Na chwilę zamilkłem. Prawdę mówiąc w tym momencie miałem ochotę odejść jak najdalej od terenów tej przeklętej watahy. Sam nie wiedziałem, czemu rozmawiam z tą waderą... po prostu zbyt długo udawałem.
- To dobry pomysł - uśmiechnąłem się promiennie, choć wcale nie czułem się szczęśliwy - Chodźmy może... na skraj Północnej Puszczy?

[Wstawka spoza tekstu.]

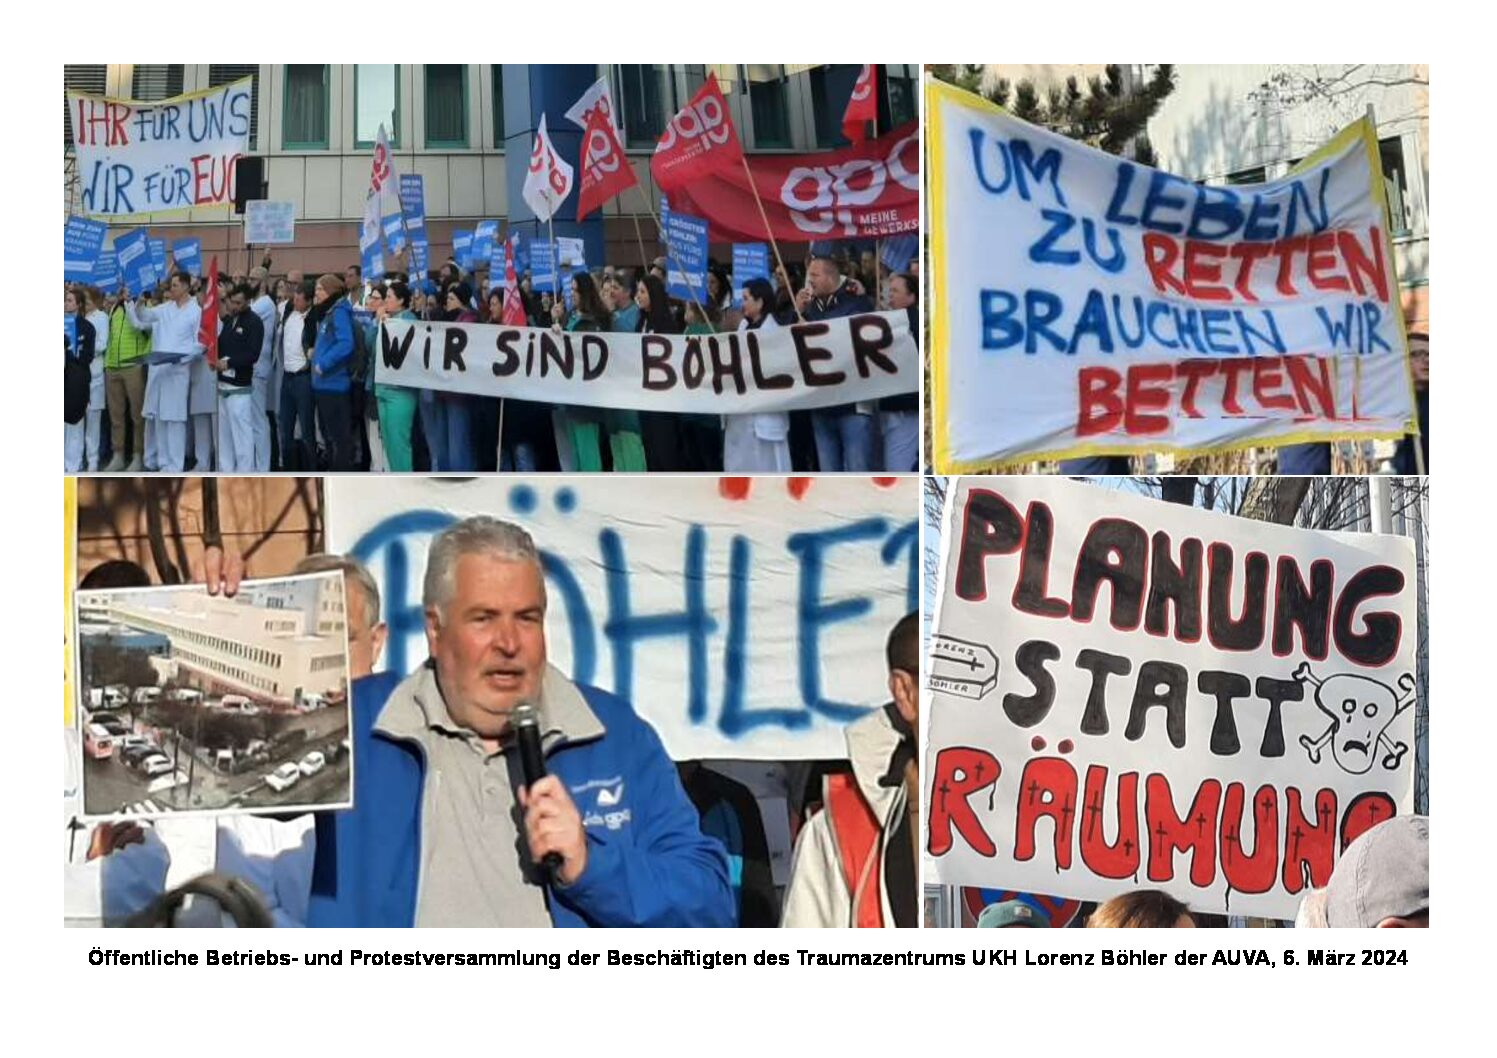 NEIN zur Schließung des AUVA-UKH Lorenz Böhler! Solidarität mit den Beschäftigten! JA zur Erhaltung und zum Ausbau der öffentlichen  Gesundheitsversorgung für die Bevölkerung!

- Zgoda - odpowiedziała wadera i ruszyliśmy w wyznaczonym kierunku
Szliśmy przez dłuższą chwilę, przy czym niemal cały czas gadałem wesoło o jakiś głupotach-wymyślałem zwyczajne historie i lekko je podkolorowywałem, czasem wtrącając jakąś zabawną anegdotkę. Było tak jak zawsze. Robiłem wszystko, żeby się zaprzyjaźnić z tą waderę, by zdobyć jej zaufanie... jakie to okrutne z mojej strony. Właśnie jej mówiłem o tym, że kiedyś kolega rzucił we mnie plackiem ze śliwkami, gdy zaszeleściły zarośla za nami i wyłoniła się z nich Tasira. Widocznie ona się "nawróciła", bo ujrzawszy mnie podniosła głowę i zawyła.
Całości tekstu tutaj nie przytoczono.